We analyzed data from the 5,201 CHS participants. Variables were arranged into nine categories: Personal Characteristics, Anthropometry, Physical Condition, Reported Functional Status, Subjective Health, Psychological Factors, Symptoms, Cognitive Status, Habits and Lifestyle, and Prevalent Disease. Independent correlates were identified using stepwise linear regression.

RESULTS

The regression models explained 17.7-25.4% of the observed variability. Although age significantly correlated with each measure, it explained little of the variability (< or = 5.7%).
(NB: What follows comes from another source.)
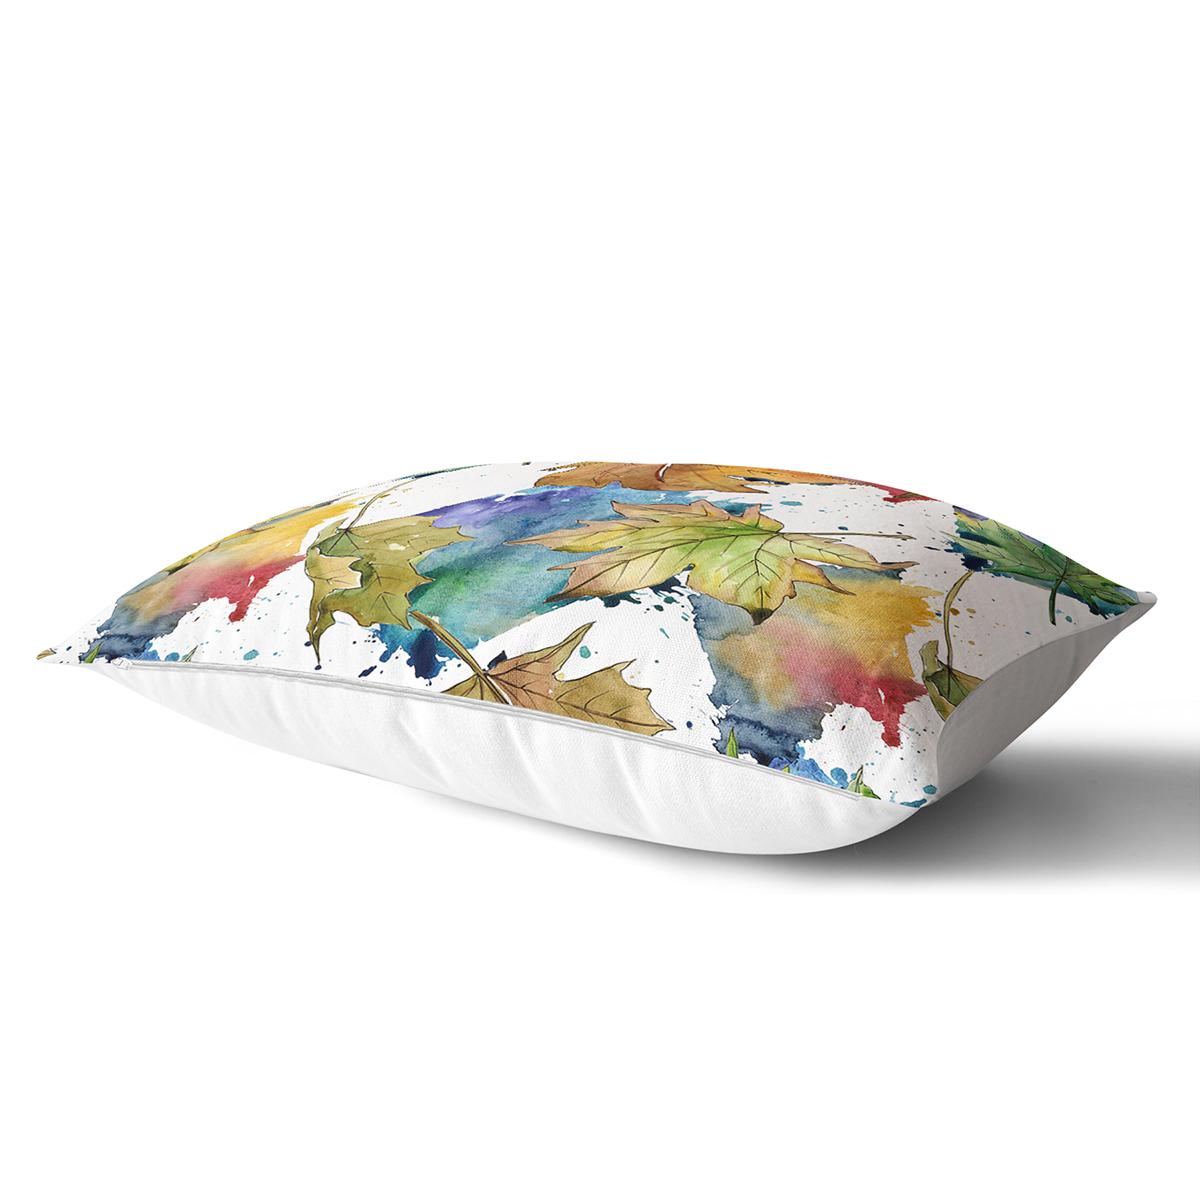 Beyaz Zeminli Sonbahar Yaprak Desenli Dijital Baskılı Modern Dikdörtgen Yastık Kırlent Kılıfı Realhomes

Anthropometric features plus physical condition explained 14.0-17.4% of the variability for grip strength and MIP, but 2.8-12.9% of the variability for gait speed and the log of TCS. Subjective health and psychological factors explained 1.8-9.4% of the variability in gait speed and the log of TCS, but < or = 1.2% of the variability in grip strength and MIP. Variables for prevalent disease explained < or = 1.3% of the variability in each measure.

CONCLUSIONS

After age 64, age explained little of the variability in muscle performance in a large sample of mostly functionally intact, community-dwelling older persons. Complex measures such as gait speed were more associated with subjective factors than were direct measures of strength. Prevalent disease contributed surprisingly little to muscle performance.

摘要

背景

与年龄相关的肌肉性能变化在多大程度上代表正常衰老,以及在多大程度上是慢性疾病和生活方式的影响,目前尚不清楚。我们利用心血管健康研究(CHS)的基线数据,研究了四种性能指标——步速、定时起立试验(TCS)、握力和最大吸气压力(MIP)的相关因素。CHS是一项基于人群的研究,研究对象为65岁及以上人群的心脏病和中风危险因素。

方法

我们分析了CHS的5201名参与者的数据。变量分为九类:个人特征、人体测量学、身体状况、报告的功能状态、主观健康、心理因素、症状、认知状态、习惯和生活方式以及常见疾病。使用逐步线性回归确定独立相关因素。

结果

回归模型解释了17.7%-25.4%的观察到的变异性。尽管年龄与每个指标都显著相关,但它对变异性的解释很少(≤5.7%)。人体测量特征和身体状况解释了握力和MIP变异性的14.0%-17.4%,但仅解释了步速和TCS对数变异性的2.8%-12.9%。主观健康和心理因素解释了步速和TCS对数变异性的1.8%-9.4%,但对握力和MIP变异性的解释≤1.2%。常见疾病变量对每个指标变异性的解释≤1.3%。

结论

在64岁以后,在大多数功能完好、居住在社区的老年人的大样本中,年龄对肌肉性能变异性的解释很少。与直接的力量测量相比,诸如步速等复杂指标与主观因素的关联更大。常见疾病对肌肉性能的影响出人意料地小。